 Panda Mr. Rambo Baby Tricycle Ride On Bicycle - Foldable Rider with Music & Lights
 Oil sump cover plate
---
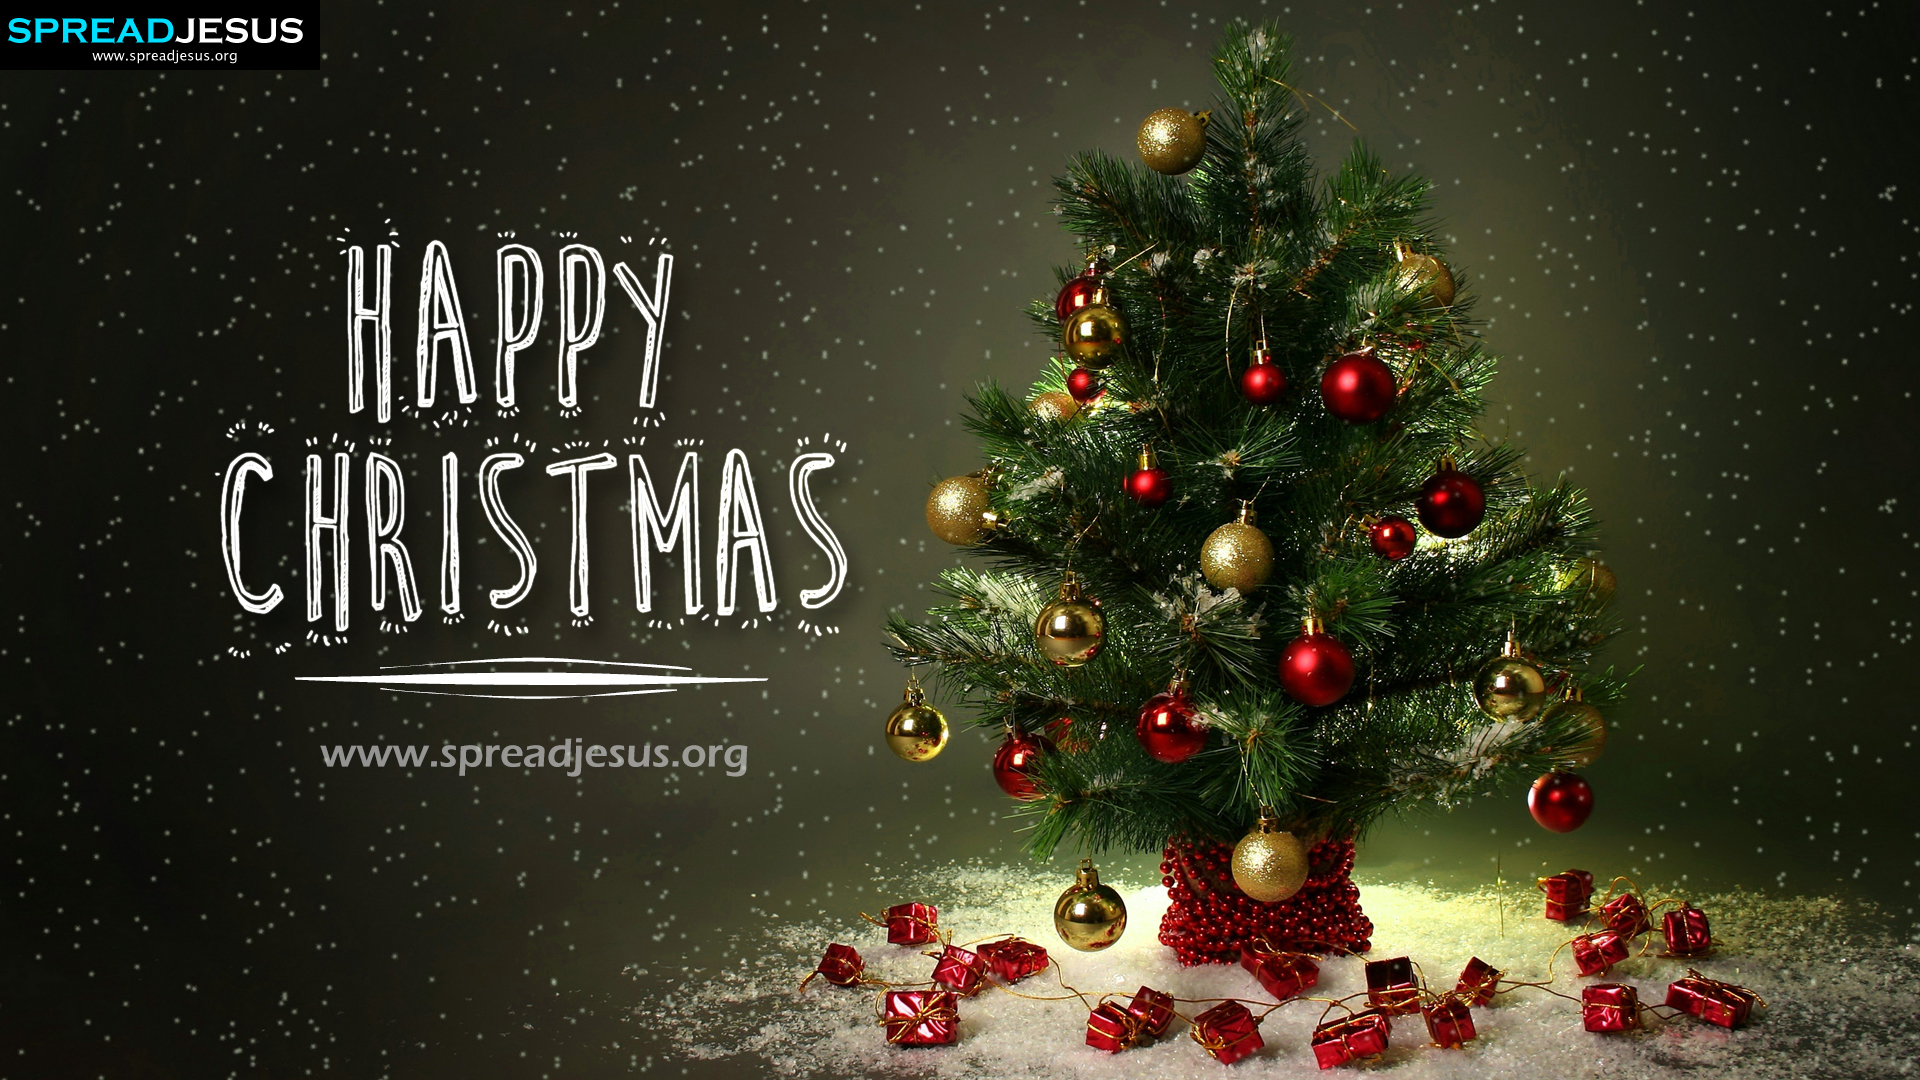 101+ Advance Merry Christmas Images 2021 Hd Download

Brief =
Within the listing above, give again exactly every line from the line with "Panda Mr. Rambo" through the line with "Oil sump cover plate", both included, and no other line.

Output below =
 Panda Mr. Rambo Baby Tricycle Ride On Bicycle - Foldable Rider with Music & Lights
 Oil sump cover plate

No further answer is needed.